When Husband is on a trip, I am an efficient fiend. I don’t sleep well so I take on huge tasks that are otherwise ignored. Tonight’s task is the  play table! I cannot tell you when it was last cleared. I cannot. And if you look closely enough, you’ll see several grape cluster stems. No grapes, just the stems. I am certain that they were intentionally saved.

On the redeeming side, the rest of the loft and library are quite straight. And I’ll need to tidy the house a bit because we’ll be leaving bright and early for two dental appointments. WHY is my house in disarray at bedtime? Well, when the cat’s away the mice will play.

I feel an intense responsibility in regards to the orderliness of our home. Intense. Husband and I have an agreement – If he’ll give me a 20-minute warning, I’ll have the house well picked up. No warning, no promises… And I have to say, it is rare that the house is ever truly a wreck. Well, except for that play table. And we’ve a place for everything. But… when Husband is away, we all let our hair down a bit. Not a lot. Not crap all over the place. Just let-the-empty-pitcher-sit-on-the-counter-top-til-morning kind of relaxed. So, I don’t really have much to do. Especially now that I think about it.

Yeah, now that I really sit and write and think about it, I am taken back to my post earlier where I stated I needed to learn to relax. Not relax like in-a-tub-relax. But let-my-hair down-more relax. Like I talked about in one of my first FRI-DAYs. Today was so easy and so pleasant. I just let it roll… and roll it did. Nothing is torn up. No one was yelled at and no one threw a tantrum spurned from my stress to get something done or to get somewhere. Wow. And if I stop to really accept it, that’s how most of our days are when I pull the stick out of my butt and just relax.

It’s up to me. I need to not worry about me. I want to enjoy my family. More. Needs are important, but sometimes (and I stress sometimes) needs to be balanced with wants. Especially when the wants are about Quality of Soul, not Quantity of Life. My definition of Quality of Soul does not involve things. Quality of Soul only involves people. Quantity of Life involves things. The quantity means nothing if the quality is not nurtured first.

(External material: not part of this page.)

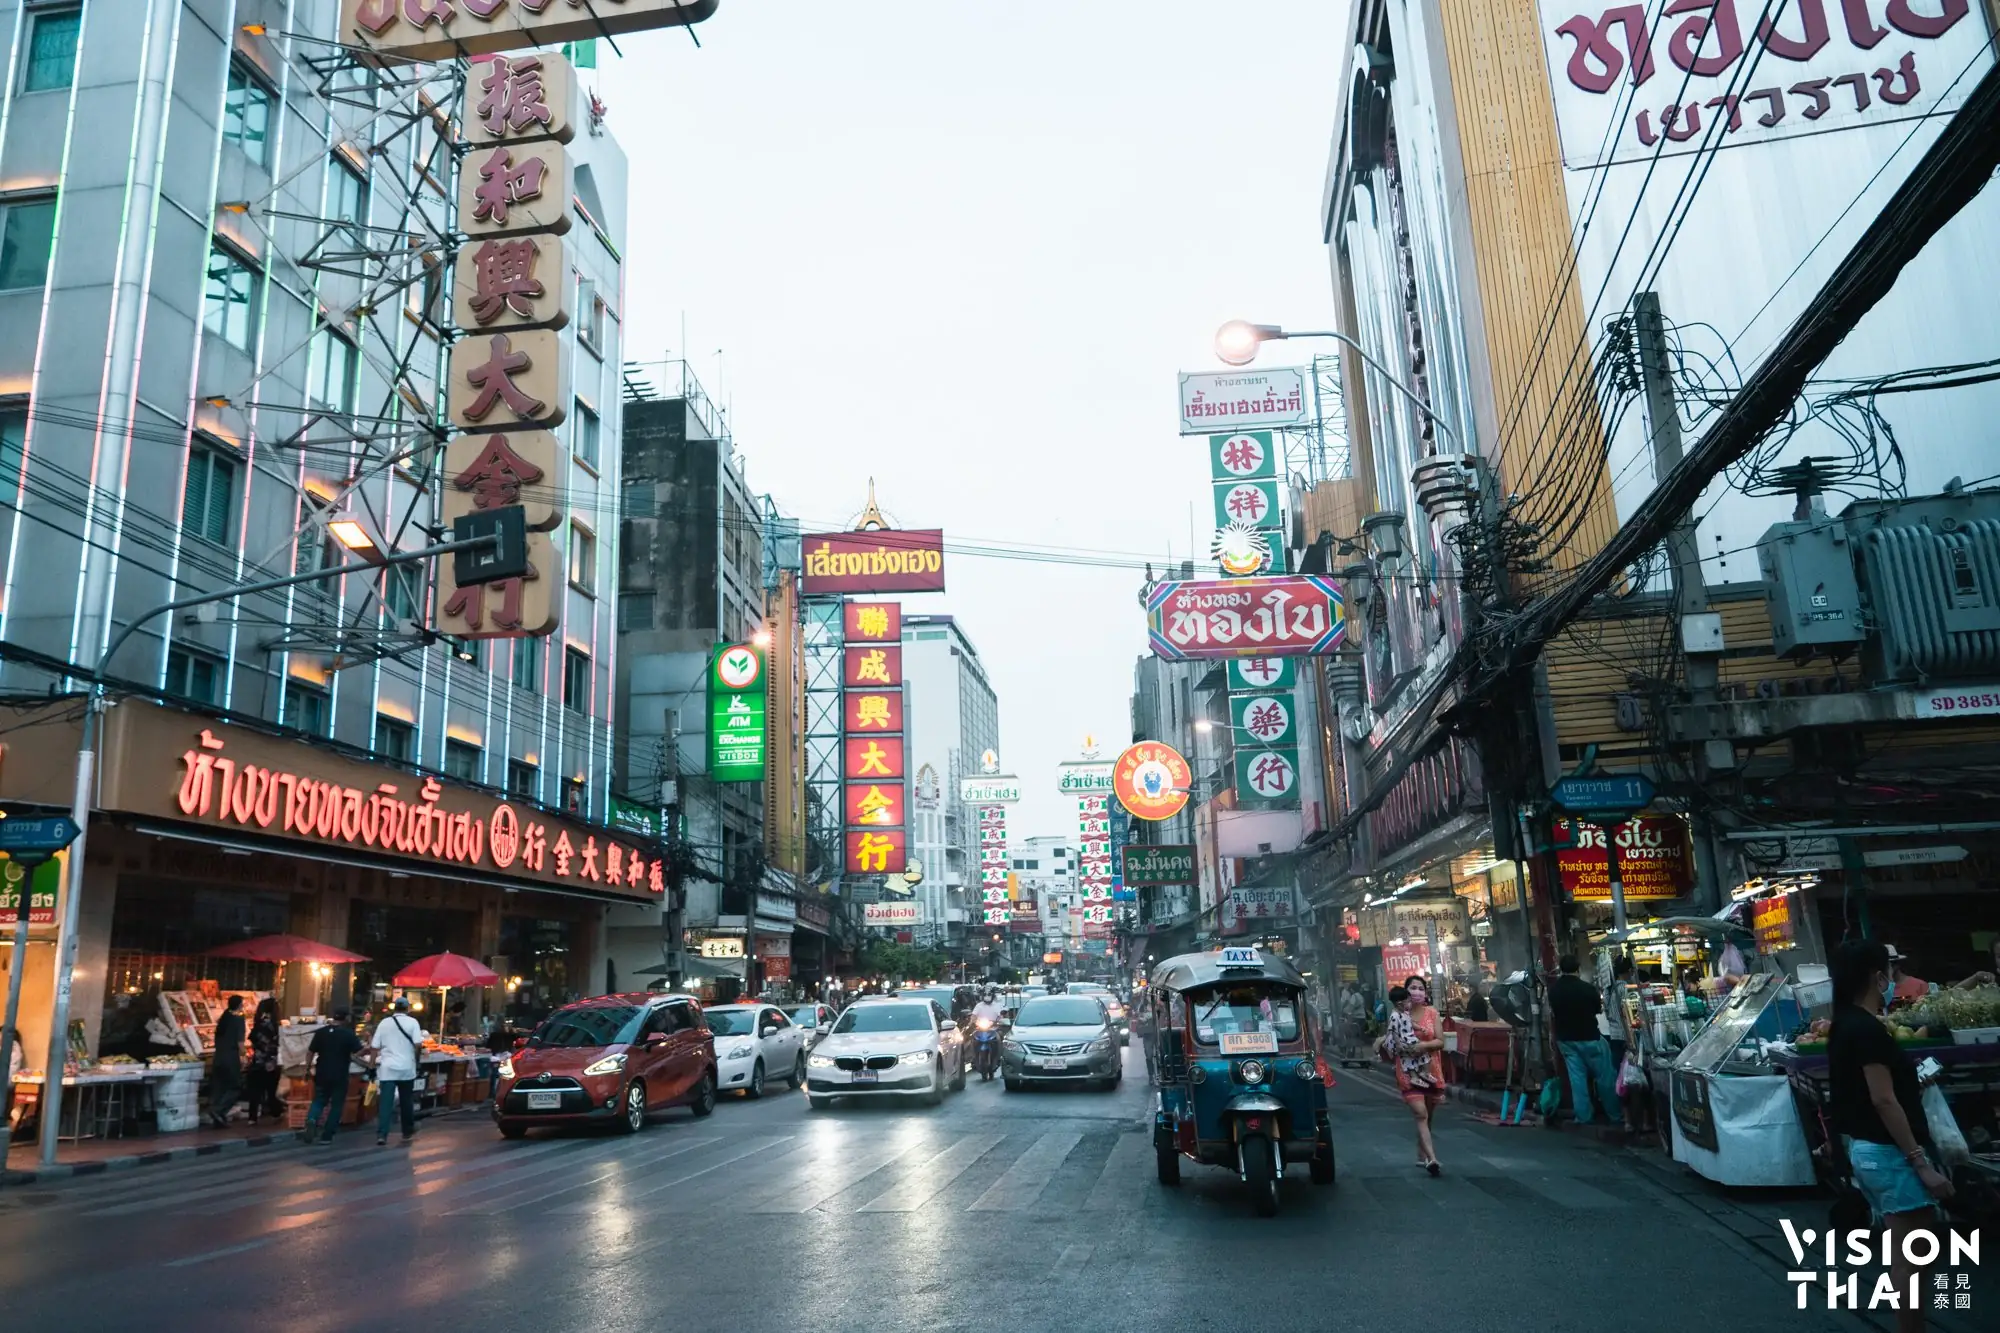 曼谷中國城是當地美食重鎮(VISION THAI)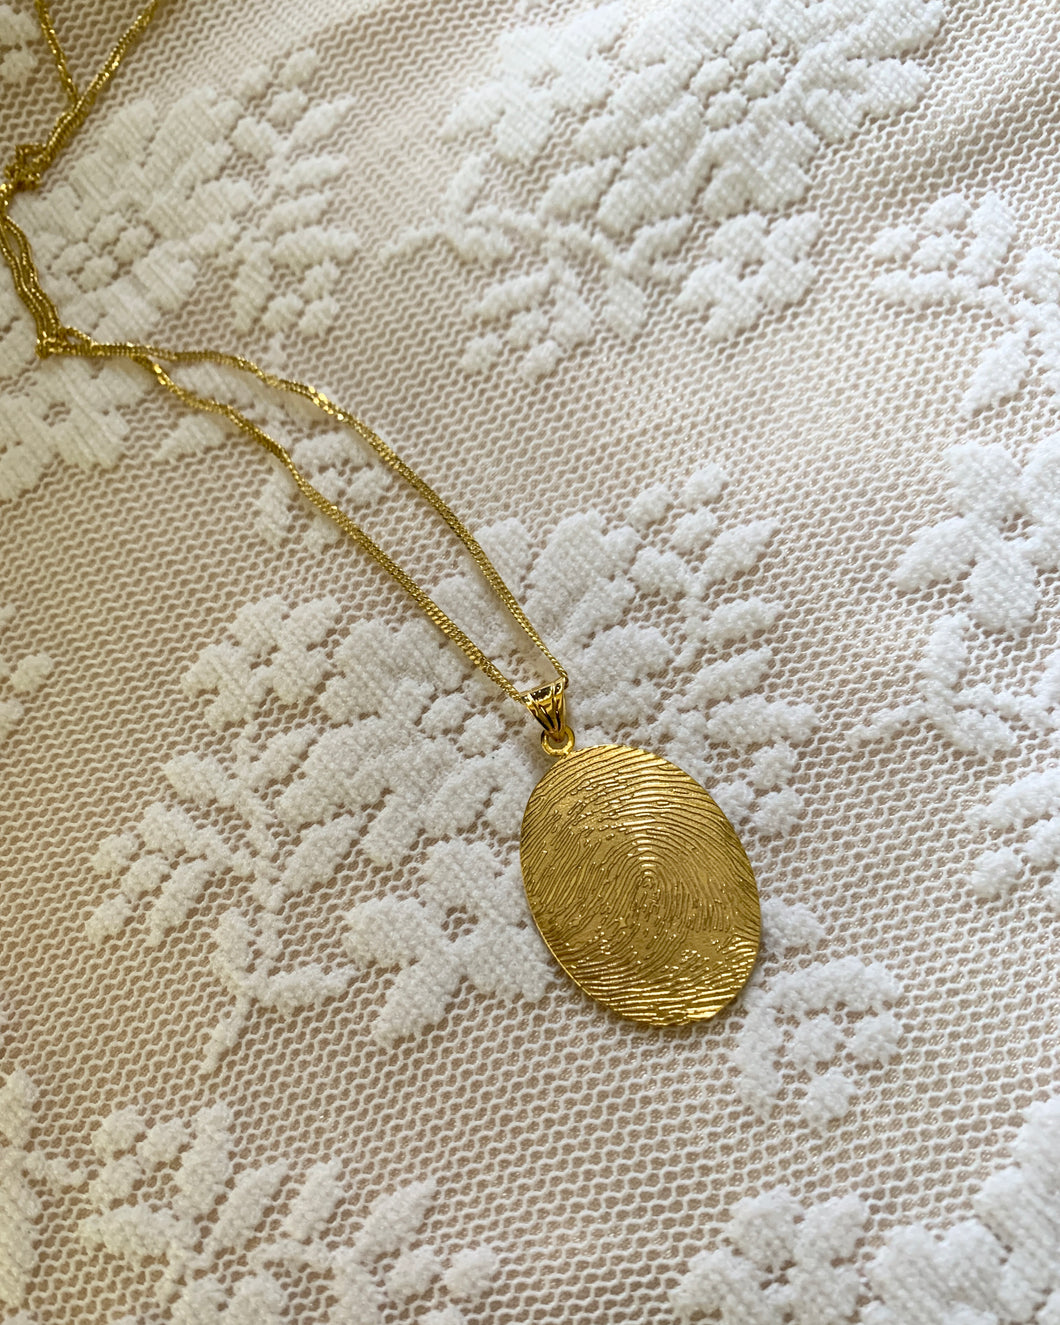 A yellow gold fingerprint or thumbmark pendant.

So today, we took it moment by moment. We ate breakfast out. We goofed around town at a leisurely pace. We snacked for lunch. We played games. We enjoyed a monthly gathering here with friends. We experienced a positive piano lesson and later a chill piano practice without tears. We visited with more friends afterwards. We made a quickie dinner that made everyone happy and was healthy. We went out to Sonic for dessert. Why does Sonic bring such happiness?  And I did not flinch about spending the dollars. (I am usually filled with anxiety about splurges – two in one day is rare!) And I didn’t fret about not exercising. I just lived our life. Our life.

 

Life was beautiful today.

 

And I am looking forward to pouring over every moment as I start to clear off the play table while listening to Little Women on my iPod, occasionally staring over the banister at these beautiful faces, and watching flightaware.com to see they’ve landed safely in Reno. And once I hear their voices, I will settle down.